At Emu Passive, we believe in data-driven decisions. That’s why we conducted an in-depth study, the Emu Report on Passive Building Standards. This research moves beyond simple energy metrics to provide a comprehensive green building standards comparison. We analyzed twelve of the most common building standards in the US, evaluating them across the metrics that matter most to occupants: thermal comfort, indoor air quality, durability, and resilience.
This page breaks down the key findings of our report, offering a clear Passive House standards comparison and a detailed look at how different approaches stack up against each other and against standard building codes.
Why a Deeper Comparison of Building Standards Matters
Simply asking if a building is “green” or “energy-efficient” is not enough. To truly understand a building’s quality, we need to look at its performance holistically. A standard might reduce energy bills but fail to provide good indoor air quality or keep occupants safe during a power outage.
Our research investigated how well different standards address key challenges:
- Thermal Comfort: Does the building stay comfortable year-round without drafts or temperature swings?
- Indoor Air Quality: Are occupants breathing fresh, filtered air, free from pollutants and excess CO2?
- Durability & Resilience: Can the building withstand extreme weather and maintain safe indoor temperatures during a power grid failure (passive survivability)?
- Operational Energy Efficiency: How much energy does the building actually consume for heating and cooling?
- Resource Efficiency: Does the standard encourage smart material use or lead to waste?
By evaluating standards on these multi-faceted criteria, we can make a more informed green building vs code comparison and identify the paths that lead to genuinely superior buildings.
The Standards We Analyzed
Our study performed a compare high performance building standards analysis on twelve distinct benchmarks, covering a wide range of approaches from code-minimum to the most advanced Passive House levels.
The standards included:
- Building Codes: 2018 IECC, 2021 IECC, and the 2024 IECC draft
- State & Federal Programs: California Title 24, EnergyStar v3.2, DOE Zero Energy Ready Home (ZERH)
- Green Building Standards: Pretty Good House (PGH)
- Passive House Standards (Phius): 2015 Phius+, 2018 Phius+ Core, 2021 Phius+ Core (including Prescriptive path)
- Passive House Standards (PHI): PHI Low Energy Building, PHI Passive House

Reference Projects
To execute this comparison between Passive House, building code, and other high performance standards, we modeled 50 single-family home projects across nearly every US climate zone to ensure our results were statistically significant and applicable to real-world conditions.
- 50 real-life single family projects – each with their own design, size, lot, orientation, etc.
- New construction projects
- All-electric for heating, cooling, and domestic hot water

We selected the projects to have a large enough data pool to have statistical significance, to be consistent enough to eliminate outliers as much as possible, and to be distributed enough across climate zones to be representative of different conditions across the United States.

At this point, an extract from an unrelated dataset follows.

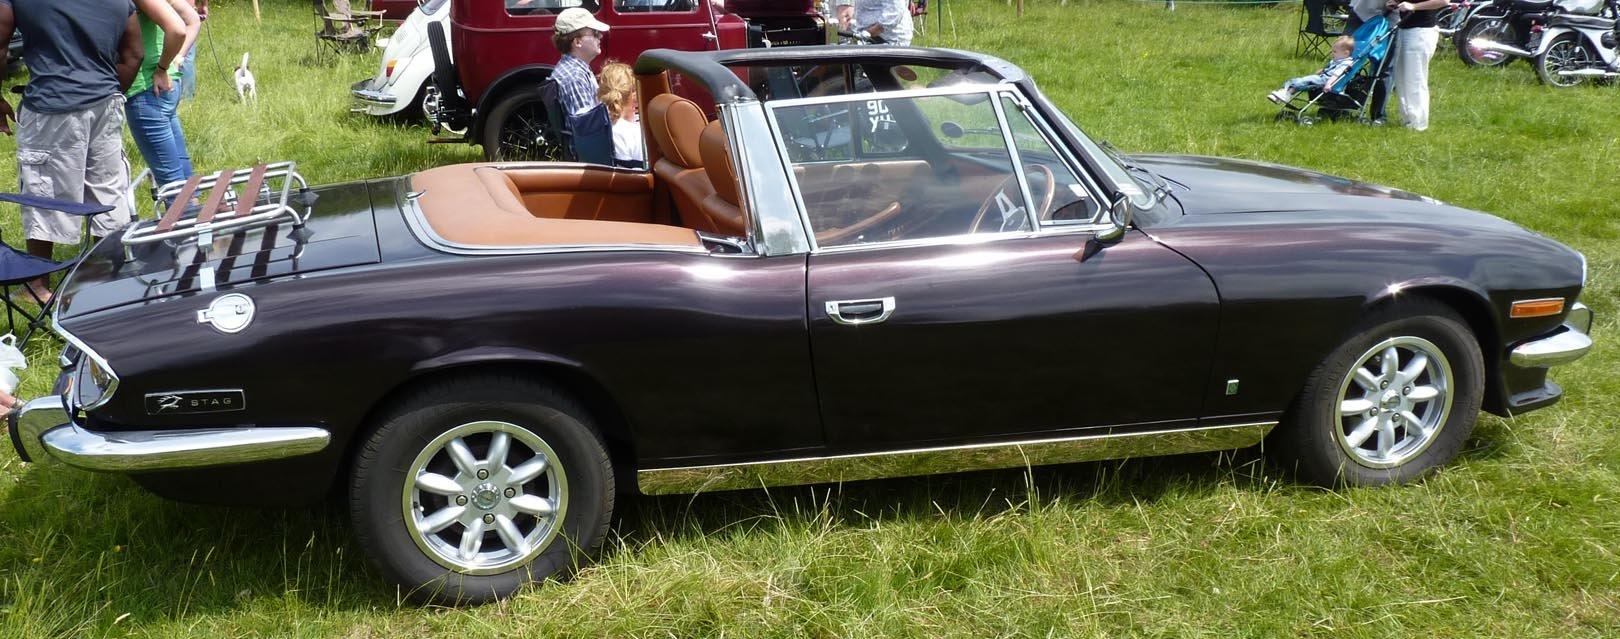 1972 Mk1/2 Triumph stag SOLD (picture 6 of 6)

Key Metric 1: Operational Energy Efficiency
A primary goal of any high-performance standard is to reduce energy consumption. We focused on site energy used for heating and cooling, as this is where the building envelope has the most direct impact.
The Findings:
Our analysis revealed a vast difference in performance. When comparing the reduction in heating and cooling energy against a 2018 IECC baseline, the results were clear.
- PHI Passive House was the top performer, achieving an average site energy reduction of 70.6%.
- 2018 Phius+ Core followed with a 57.8% reduction.
- PHI Low Energy Building came in close behind at 56.6%.
- 2021 Phius+ Core achieved a 55.7% reduction.
Interestingly, the newer building codes showed minimal progress. The 2024 IECC draft offered no significant improvement over the 2021 IECC in terms of energy performance. This highlights the slow pace of change in conventional construction codes.
The energy savings delivered by Passive House standards are profound.
To put it in perspective: a home built to the PHI Passive House standard uses so little energy for heating and cooling that the remaining energy consumption is equivalent to what it would take to charge two electric vehicles annually, on top of operating a standard code-built home. This is a powerful demonstration of what is possible.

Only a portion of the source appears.